Actavis Settles Daytrana® Patent Litigation

Actavis announced that it signed an agreement with Noven Pharmaceuticals for the settlement of all outstanding patent litigation in connection with Actavis’ generic version of Daytrana (methylphenidate transdermal system), a CNS stimulant used to treat ADHD.

Noven Pharmaceuticals will grant Actavis a non-exclusive, royalty bearing license to market the generic version of the drug starting on September 1, 2015 or earlier under certain conditions.

The company had filed a patent infringement lawsuit against Actavis (then known as Watson Pharmaceuticals) in 2011 as a result of an Abbreviated New Drug Application (ANDA) submission by Watson for the approval of a generic version of Daytrana. Noven insisted that Actavis’ application was illegal because it was made prior to the drug’s scheduled patent expiration in 2018.

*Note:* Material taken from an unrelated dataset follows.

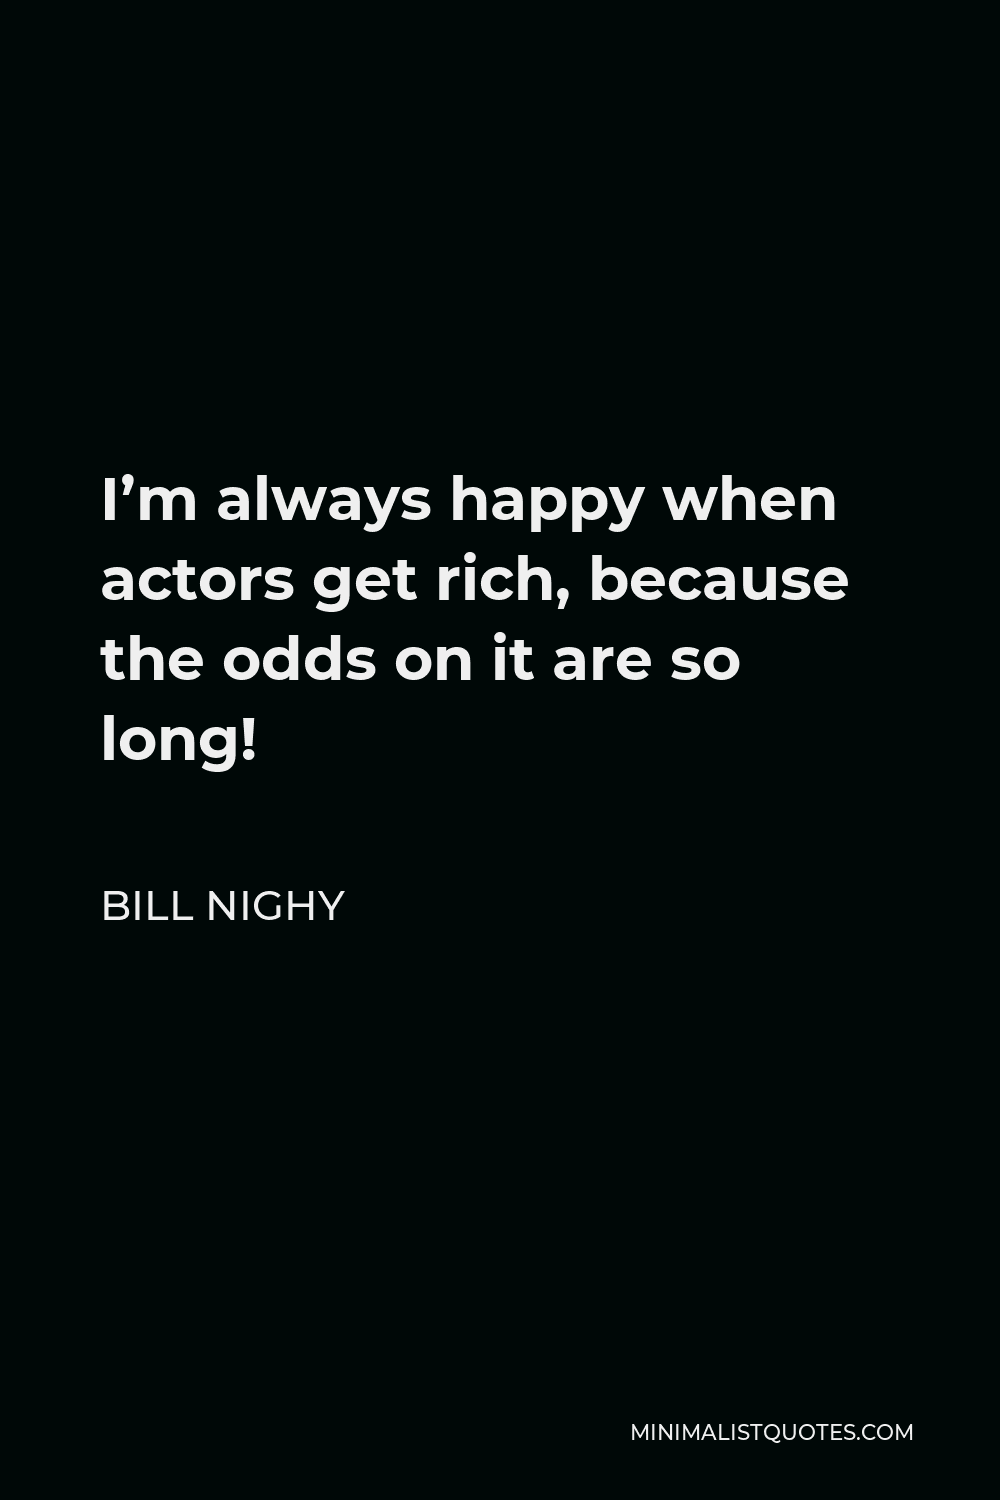 Bill Nighy Quote - I’m always happy when actors get rich, because the odds on it are so long!

“Launch of Actavis' product is contingent upon Actavis receiving final approval from the U.S. Food and Drug Administration on its Abbreviated New Drug Application (ANDA) for generic Daytrana. Based on available information, Actavis believes it may be a "first applicant" to file an ANDA for the generic version of Daytrana and, should its ANDA be approved, may be entitled to 180 days of generic market exclusivity,” Actavis said in its press release.

Daytrana is the first transdermal patch approved for the treatment of Attention Deficit Hyperactivity Disorder symptoms in pediatric patients 6 to 17 years old. The medication patch contains a prescription central nervous system (CNS) stimulant used to help increase attention and decrease hyperactive and impulsive behavior. Daytrana is recommended as an adjunct treatment to a total therapy program for ADHD.

The ADHD patch is developed and manufactured by Noven and marketed by the CNS unit of its specialty pharmaceuticals subsidiary, Noven Therapeutics, LLC. Daytrana is a controlled substance due to risk of abuse or dependence.

The drug had total U.S. sales of an estimated $98 million, says IMS Health data.